Born in Auckland, New Zealand, in 1892, Keith Murray came to England with his parents in 1906 and after a stint with the Royal Air Force in the First World War trained as an architect. His architectural career was cut short by the economic depression that hit the building trade in the 1920s and 1930s, and he turned to other forms of design. Having produced some designs for glass pieces for other companies, he was invited to design for Wedgwood on a freelance basis. Murray's pieces were prominently displayed at an exhibition held by John Lewis in 1933, and by 1935 his work was attracting a lot of attention; in 1936 Wedgwood held an exhibition of its own which featured many of Keith Murray’s designs.

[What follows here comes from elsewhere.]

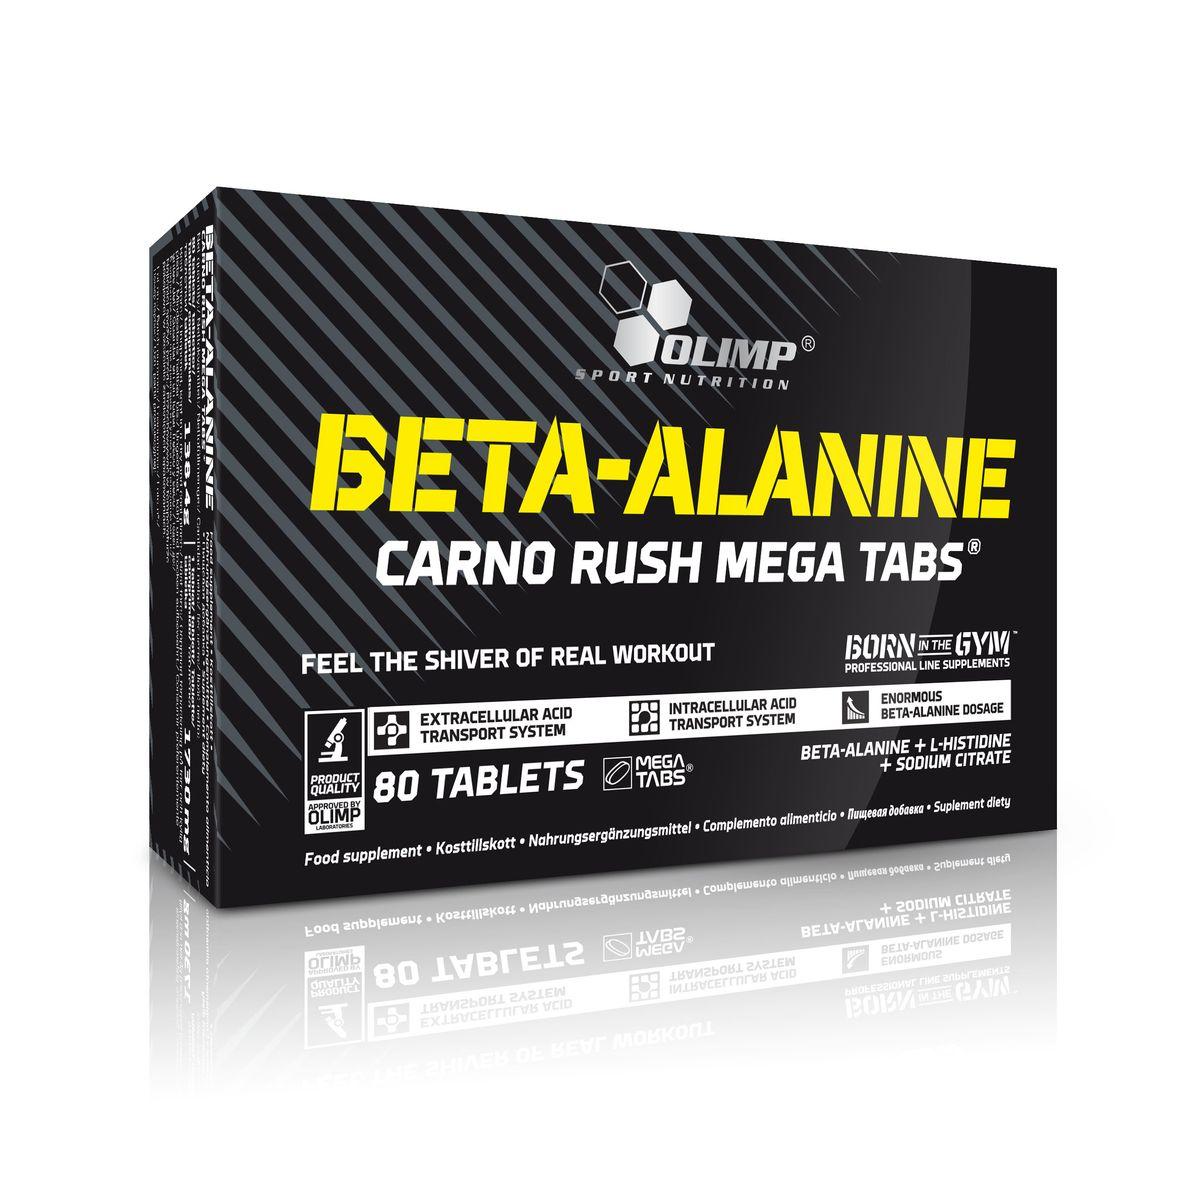 OLIMP Бэта Аланин Карно Раш Мега Табс, 80 табO40719Beta-Alanine при регулярном приеме повышает уровень карнозина. Увеличение карнозина позволяет мышцам работать интенсивнее. При этом, увеличение мышечной выносливости происходит без изменения гормонального фона. Карнозин повышает анаэробный порог, что хорошо сказывается не только на тренировках в зале, но и на спринтерской дорожке. Beta-Alanine также является антиоксидантом. Olimp Beta-Alanine Carno Rush содежит 4г бета-аланина на порцию и транспортную матрицу которая позволит быстро и без потерь преодолевать желудочный барьер. Рекомендации по применению: Принимайте по 2-4 капсулы перед тренировкой.

In 1936, Murray was appointed to design the new Wedgwood factory at Barlaston in Staffordshire; after the Second World War, he returned to architecture and left his design work behind. Murray died in 1981.

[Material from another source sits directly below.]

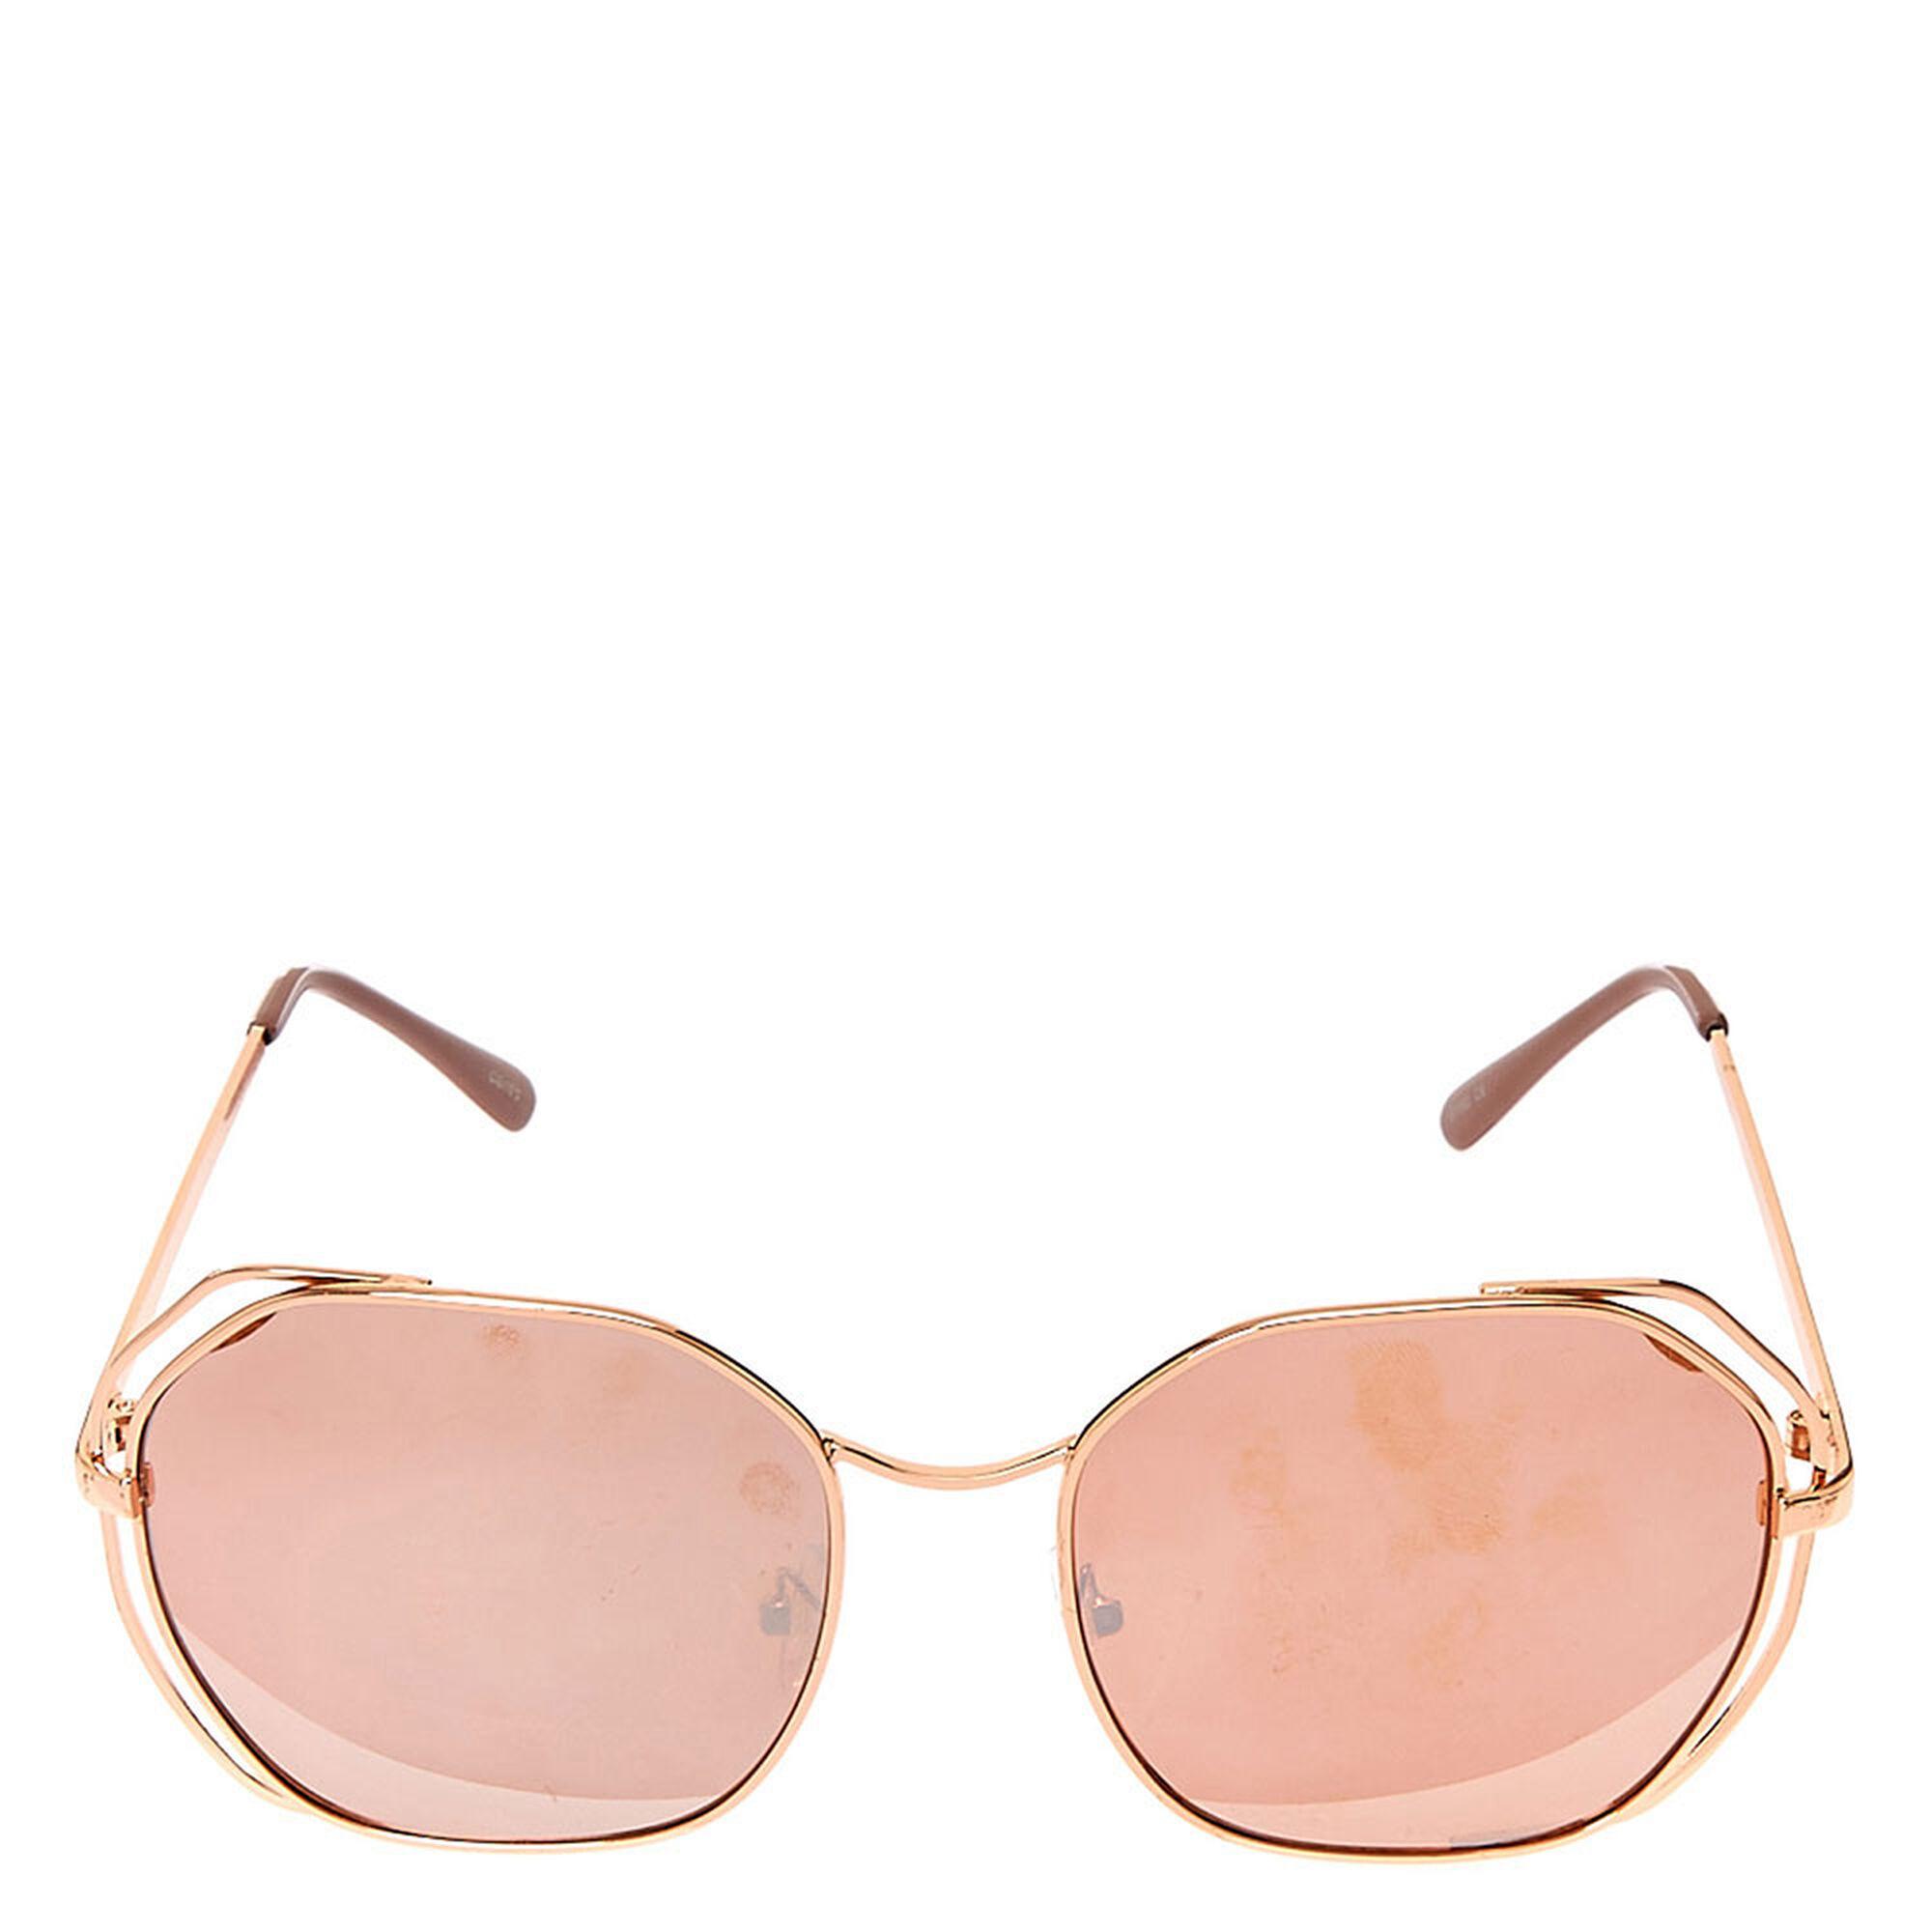 lunettes de soleil rondes effet miroir or rose claire 39 s fr. Black Bedroom Furniture Sets. Home Design Ideas

Keith Murray’s designs for Wedgwood are very popular with collectors. True to his architectural training, his pieces are elegant, geometric and structural and the simplicity of his designs have made them a favourite with connoisseurs. Popular tableware designs include Lotus, Weeping Willow, Iris and Pink Flower and the most desirable colours are bronze, black, grey and moonstone. Genuine examples should carry either Keith Murray’s signature or his initials and the word ‘WEDGWOOD’.
As with all ceramics, the value of the individual item is largely dependent on the age, condition and rarity. Any damage reduces value considerably, but good, clean examples with no chips or cracks are in demand.